← All one-liners·#013·analysis·self contained·power

DuckDB: query a remote Parquet over HTTPS

The most impressive DuckDB trick — point it at an HTTPS URL ending in .parquet and it streams just the bytes it needs. Production-grade analytics on a stranger's file.

Setup
  • → brew install duckdb
Cost per run
free
The one-liner
$ duckdb -c "
  INSTALL httpfs; LOAD httpfs;
  SELECT l_returnflag, l_linestatus,
         SUM(l_quantity)      AS sum_qty,
         AVG(l_extendedprice) AS avg_price
  FROM 'https://shell.duckdb.org/data/tpch/0_01/parquet/lineitem.parquet'
  GROUP BY 1, 2
  ORDER BY 1, 2
"
What each stage does
  1. [01] duckdbINSTALL httpfs; LOAD httpfs;
    Load the HTTP filesystem extension (downloads once, cached forever).
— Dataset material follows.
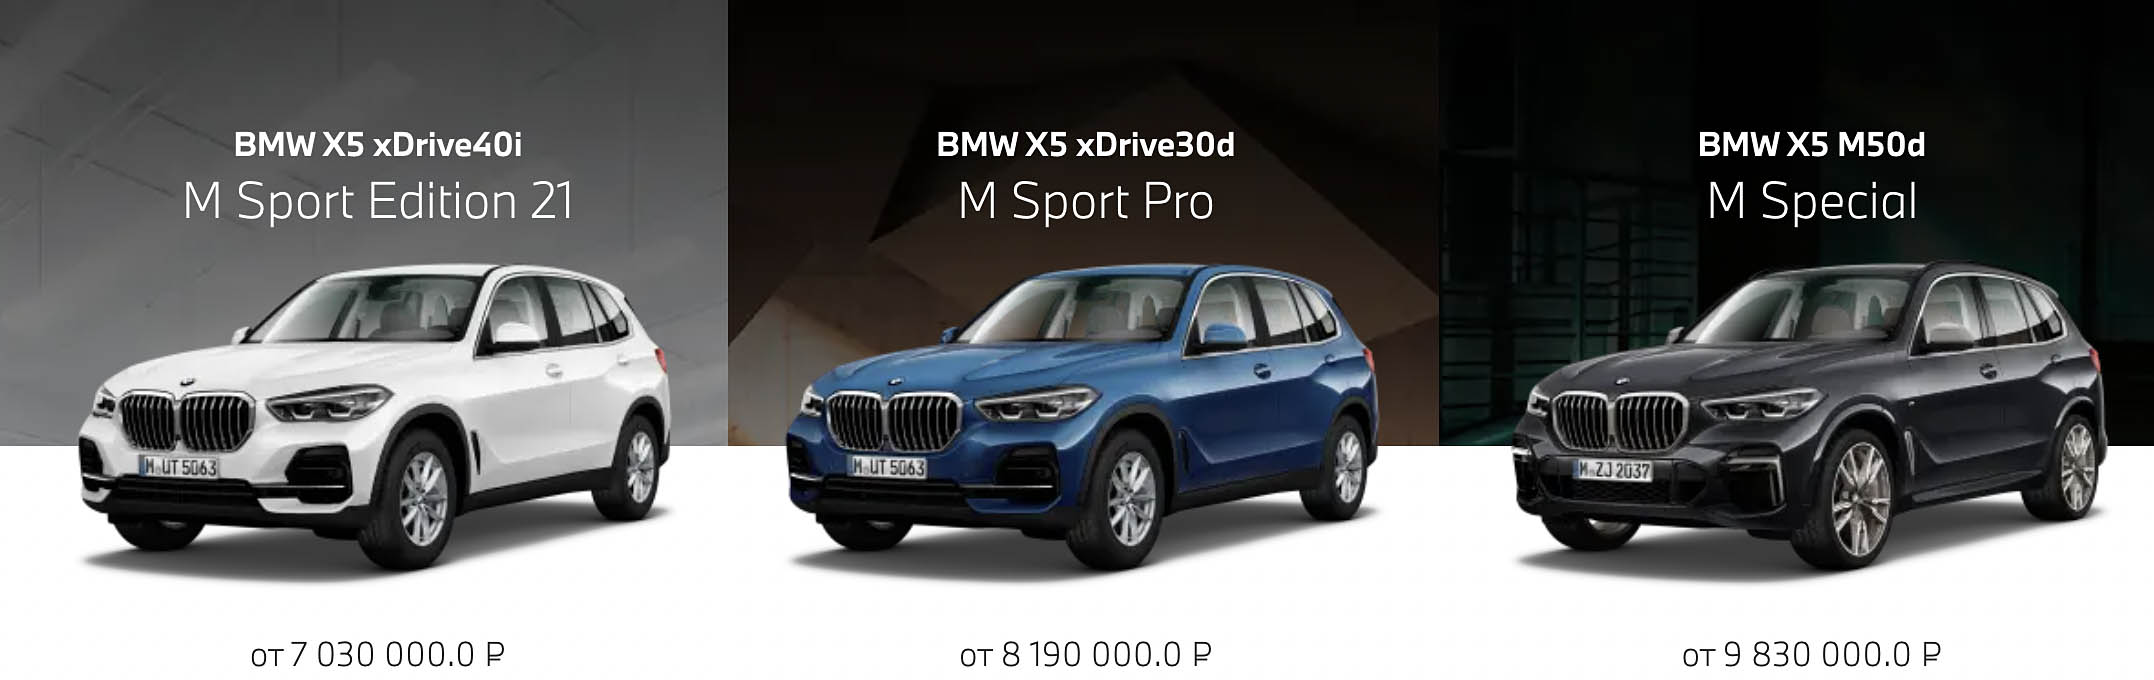 Стоимость BMW X5

Enables https:// paths.
  2. [02] duckdbFROM 'https://….parquet'
    DuckDB issues HTTP Range requests for just the column chunks it needs — typically <1% of the file. A 10GB remote Parquet might transfer 30MB.
  3. [03] duckdbGROUP BY 1, 2
    Classic TPC-H Q1 aggregation. Runs in ~200ms on this 60K-row file, ~5s on the full 600M-row dataset.
Expected output (sample)
┌────────────────┬────────────────┬─────────┬───────────┐
│ l_returnflag   │ l_linestatus   │ sum_qty │ avg_price │
├────────────────┼────────────────┼─────────┼───────────┤
│ A              │ F              │ 380,456 │ 38,237.15 │
│ N              │ F              │   8,971 │ 38,284.46 │
│ N              │ O              │ 757,535 │ 38,249.12 │
│ R              │ F              │ 381,449 │ 38,250.85 │
└────────────────┴────────────────┴─────────┴───────────┘
Caveats & tips
  • Same pattern works for .csv and .json over HTTPS.
  • S3 / GCS / Azure work too — `INSTALL aws; LOAD aws;` and use `s3://bucket/key.parquet`.
  • First run downloads the httpfs extension (~3MB).